Elizabethtown College Director of Prestigious Scholarships and Public Heritage Studies, Jean-Paul Benowitz was recently awarded the Historic Preservation Trust of Lancaster County’s (HPTLC) Smedley Award.
“Since 1966 the Historic Preservation Trust of Lancaster County has been a nationally recognized leader in historic preservation and heritage conservation and so it is indeed an honor to be recognized by HPTLC with the Smedley Award,” Benowitz said. “The Public Heritage Studies program at Elizabethtown College, with its emphasis on community engagement and service, is contributing to the work of HPTLC and I am grateful for this collaboration and humbled by this award.”
The Smedley Award is presented yearly to a journalist or educator who has shown extraordinary support for historic preservation in Lancaster County. As the Director of Public Heritage Studies, Benowitz teaches courses about local and regional history. Each course has a community-based learning component that involves students conducting research and historic preservation fieldwork in the local community. The scholarship produced by the students is used by local borough leaders for securing county, state, and federal grants for economic development, environmental/ecological stewardship, and historic preservation.

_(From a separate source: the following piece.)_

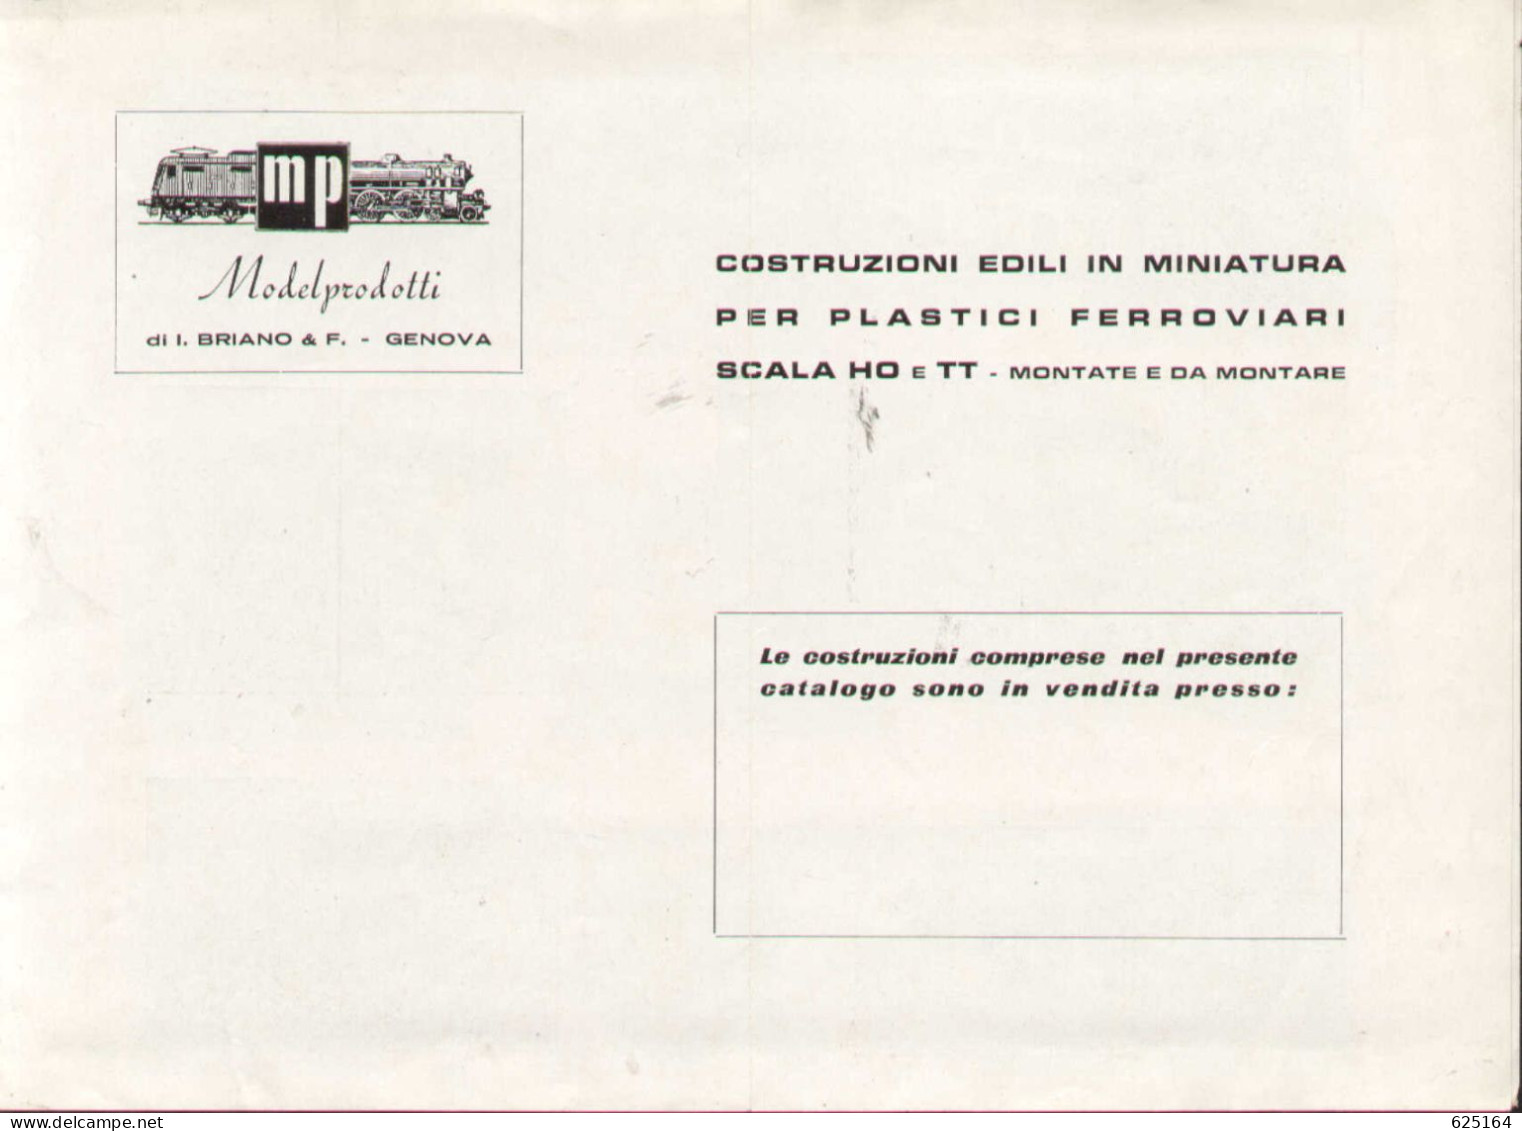 Catalogue MP ModelProdotti 1959? Ed. Italo Briano Genova Accessori HO - En Italien - Non Classificati

The research conducted by students in Benowitz’s Public Heritage Studies courses employs the National Collegiate Honors Council’s (NCHC) City As Text™ pedagogy, an active learning approach to Honors courses requiring civically engaged research. Benowitz serves on the NCHC Place As Text Committee and teaches national honors faculty master classes and institutes about how to incorporate City As Text™ into Honors education.
Benowitz was presented with the Smedley Award at the C. Emlen Urban Awards Dinner on June 20 at the Lancaster Country Club, where he gave a speech discussing the importance of historic preservation, local economic development, and civic engagement. Benowitz provided examples of how the research conducted by Honors Public Heritage Studies students at Etown led to historic conservation efforts across the region, including contributing to the prevention of a building in Elizabethtown, designed by C. E. Urban, from being destroyed. He also discussed a current project of his students, the launching of a “This Place Matters” campaign to celebrate and recognize the 125th anniversary of Elizabethtown College.
About the Historic Preservation Trust of Lancaster County
The Historic Preservation Trust of Lancaster County is a nonprofit membership corporation founded in 1966 working to preserve Lancaster County’s historic sites and architecture. They collaborate with individuals, businesses, municipalities, government agencies, and other not-for-profit organizations. The trust also delivers preservation education and advocates for the preservation of historic architecture and sites, and it’s been directly involved in preserving more than three dozen important Lancaster County landmarks.